Sunday, November 30, 2008

Belgian Cultural Festival in China

Almost a month ago now I was in China, to lecture at an event that was billed as the “First Belgian Cultural Festival in China”. Apparently this puts me among the “most renowned and diverse art forms, artists and academics” that Belgium has to offer. I’m pretty sure I’m not renowned, nor an art form, nor an artist, so I must be a diverse academic. There were perhaps a dozen of us: three academics, a comic book artist, a film-maker, two trios of musicians.

It was quite an intense few days, with as undoubted high-point one of the trios performing 18th-century music in Beijing North Cathedral, followed by the Cathedral Choir giving a rendition of two 17th-century sacred songs: Italian polyphonic chant with Chinese words, as sung by Chinese converts almost 400 years ago.
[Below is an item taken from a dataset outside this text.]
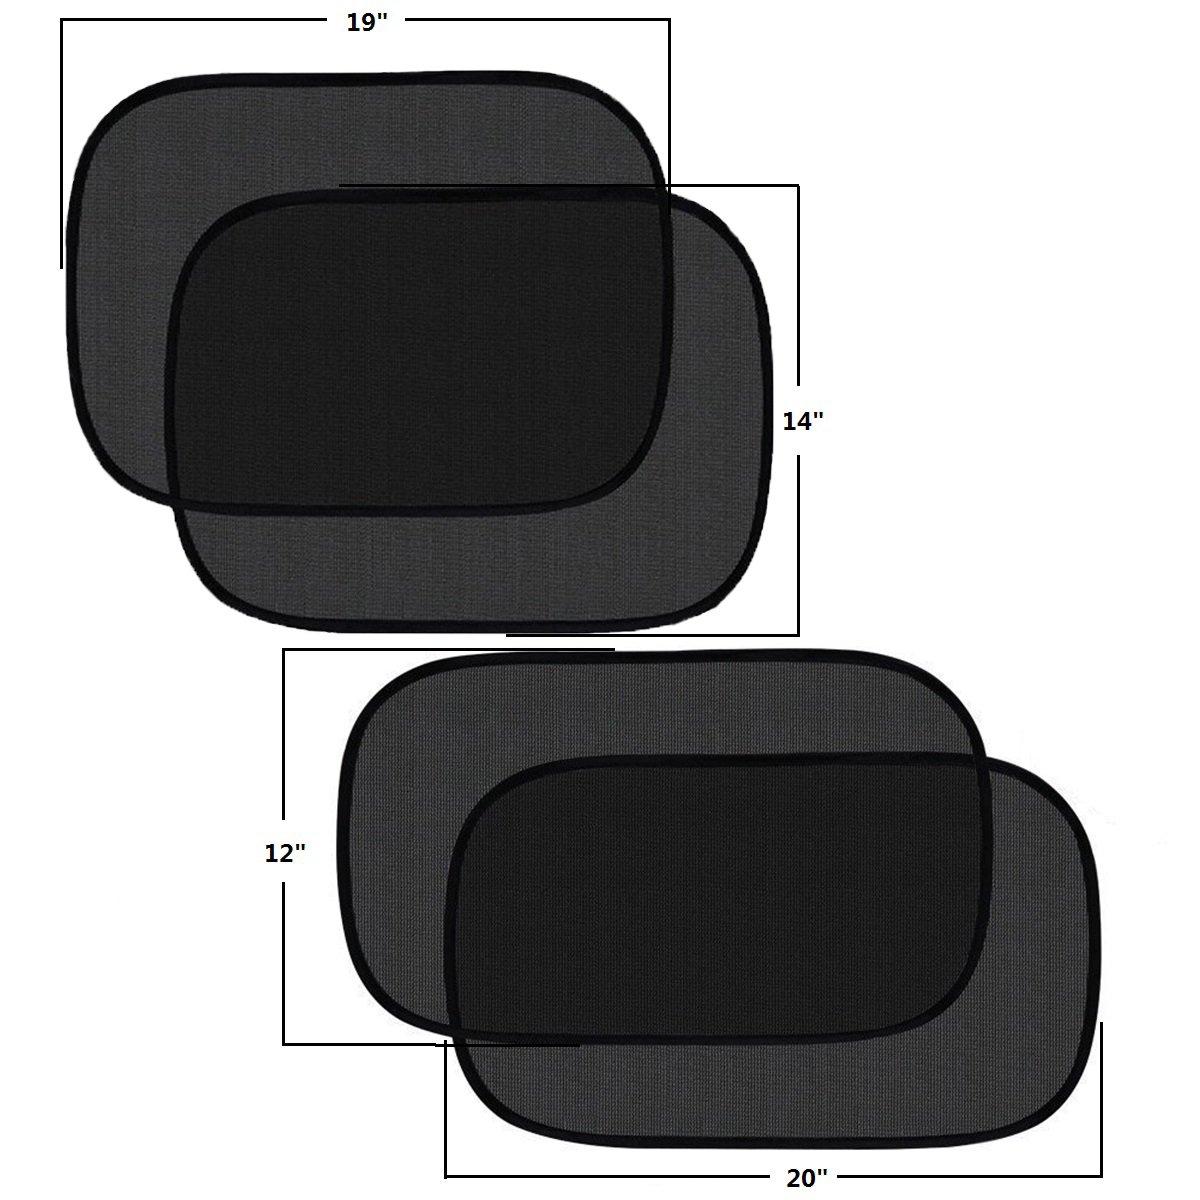 Baby Side Window Car Sun Shades 20x 12 and 19x 14 20x12/&19x14 Sunshade for Car Side Window Clings 80GSM UPF50+ Blocks Over 99/% of Harmful UV Rays Pulaisen Car Window Shade

Eerily beautiful music, beautifully performed, and with the added touch that it was in the the ideal setting: the oldest church in Beijing. It quite brought tears to my eyes. Afterwards, we were taken to a hot pot restaurant by a former student who now edits the lifestyle section of a business magazine (she’s also a former teacher, having done some Chinese tutoring after graduation: I’m not sure what that does to our relationship in Confucian terms, but I’m older so perhaps that settles things).

Chatting to a journalist after one of the lectures, I was asked what my “most profound impression of Beijing food” might be. My answer (“I really like the dumplings”) was plainly not profound enough for my interlocutor, whose smile took on a frozen look. What was I supposed to say?

Most of the event was hosted at Peking University, which (I discovered on our final day there) must be a front-runner for the title of most beautiful campus in the world.